Hildegard’s visions caused her to see humans as 'living sparks' of God's love, coming from God as daylight comes from the sun. Sin destroyed the original harmony of creation; Christ's redeeming death and resurrection opened up new possibilities. Virtuous living reduces the estrangement from God and others that sin causes.
Like all mystics, Hildegard saw the harmony of God's creation and the place of women and men in that. This unity was not apparent to many of her contemporaries.
Hildegard was no stranger to controversy. The monks near her original foundation protested vigorously when she moved her monastery to Bingen, overlooking the Rhine River. She confronted Emperor Frederick Barbarossa for supporting at least three antipopes. Hildegard challenged the Cathars, who rejected the Catholic Church claiming to follow a more pure Christianity.

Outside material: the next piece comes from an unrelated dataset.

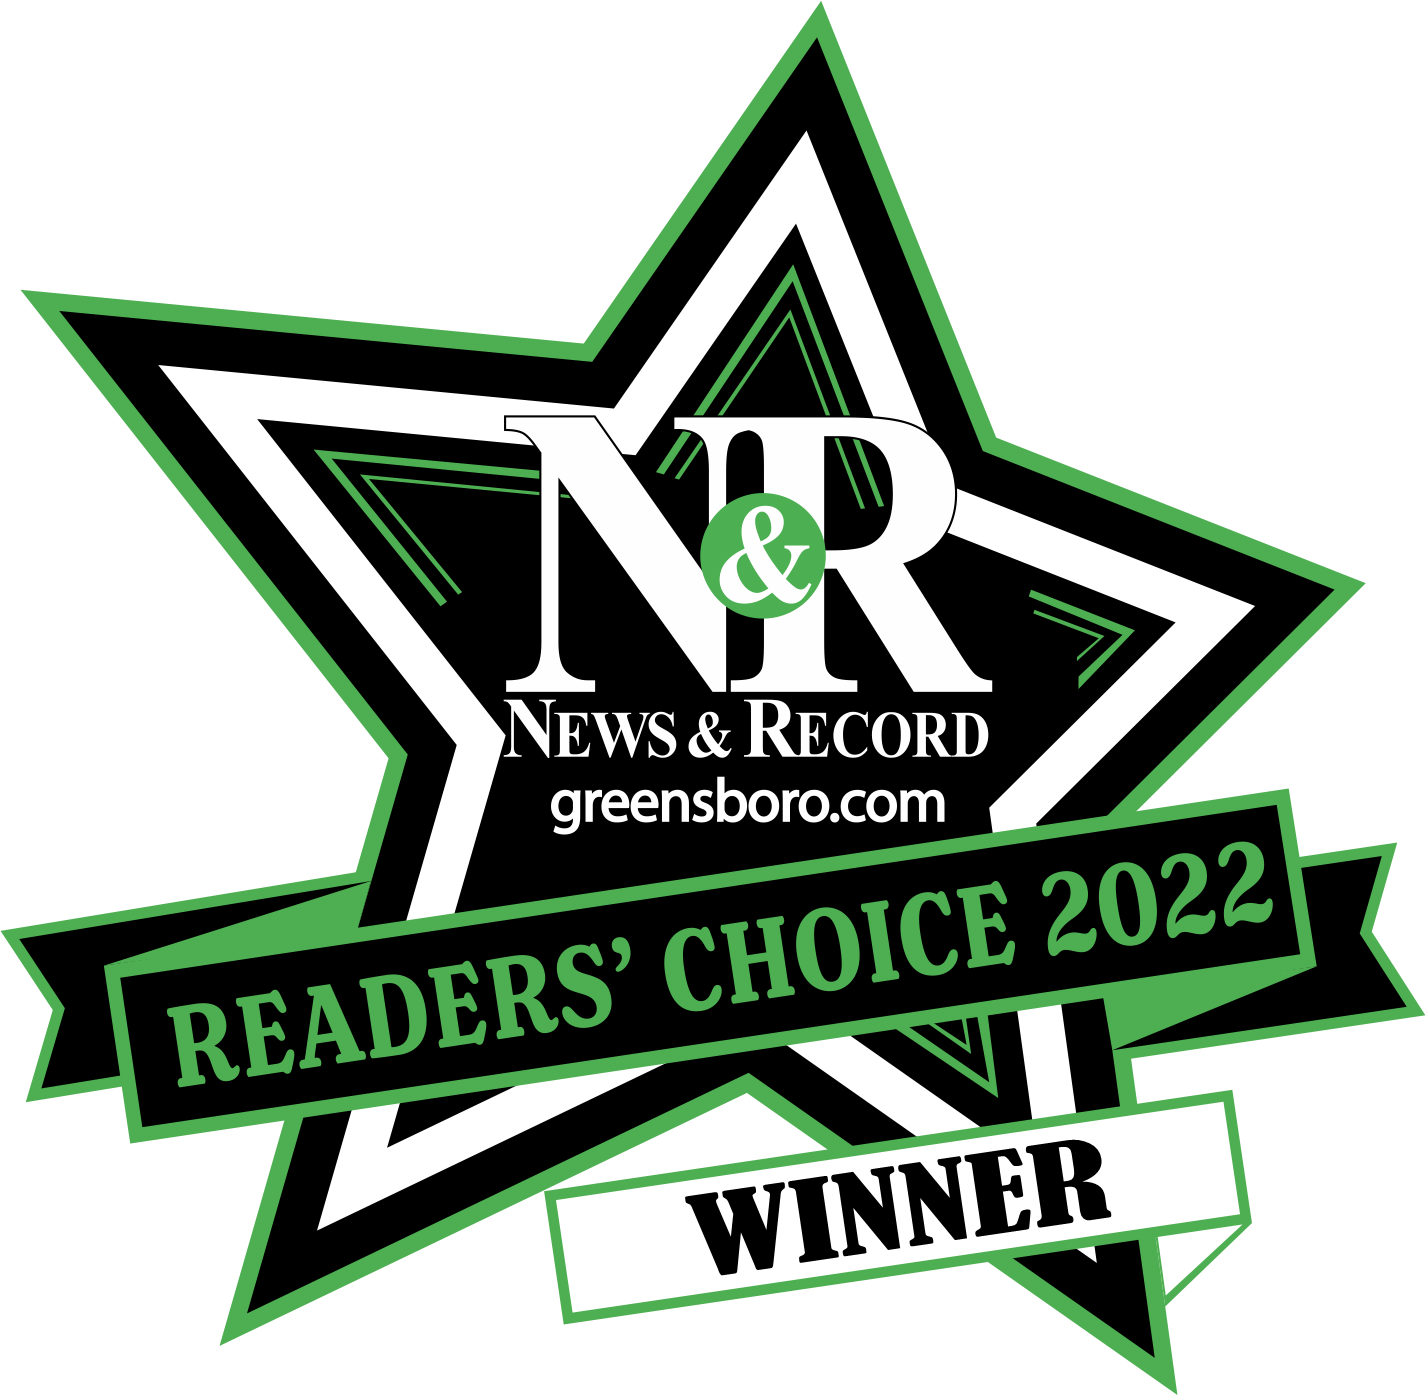 Cleaner World Best Of Greensboro choice winner

Between 1152 and 1162, Hildegard often preached in the Rhineland. Her monastery was placed under interdict because she had permitted the burial of a young man who had been excommunicated. She insisted that he had been reconciled with the Church and had received its sacraments before dying. Hildegard protested bitterly when the local bishop forbade the celebration of or reception of the Eucharist at the Bingen monastery, a sanction that was lifted only a few months before her death.
In 2012, Hildegard was canonized and named a Doctor of the Church by Pope Benedict XVI.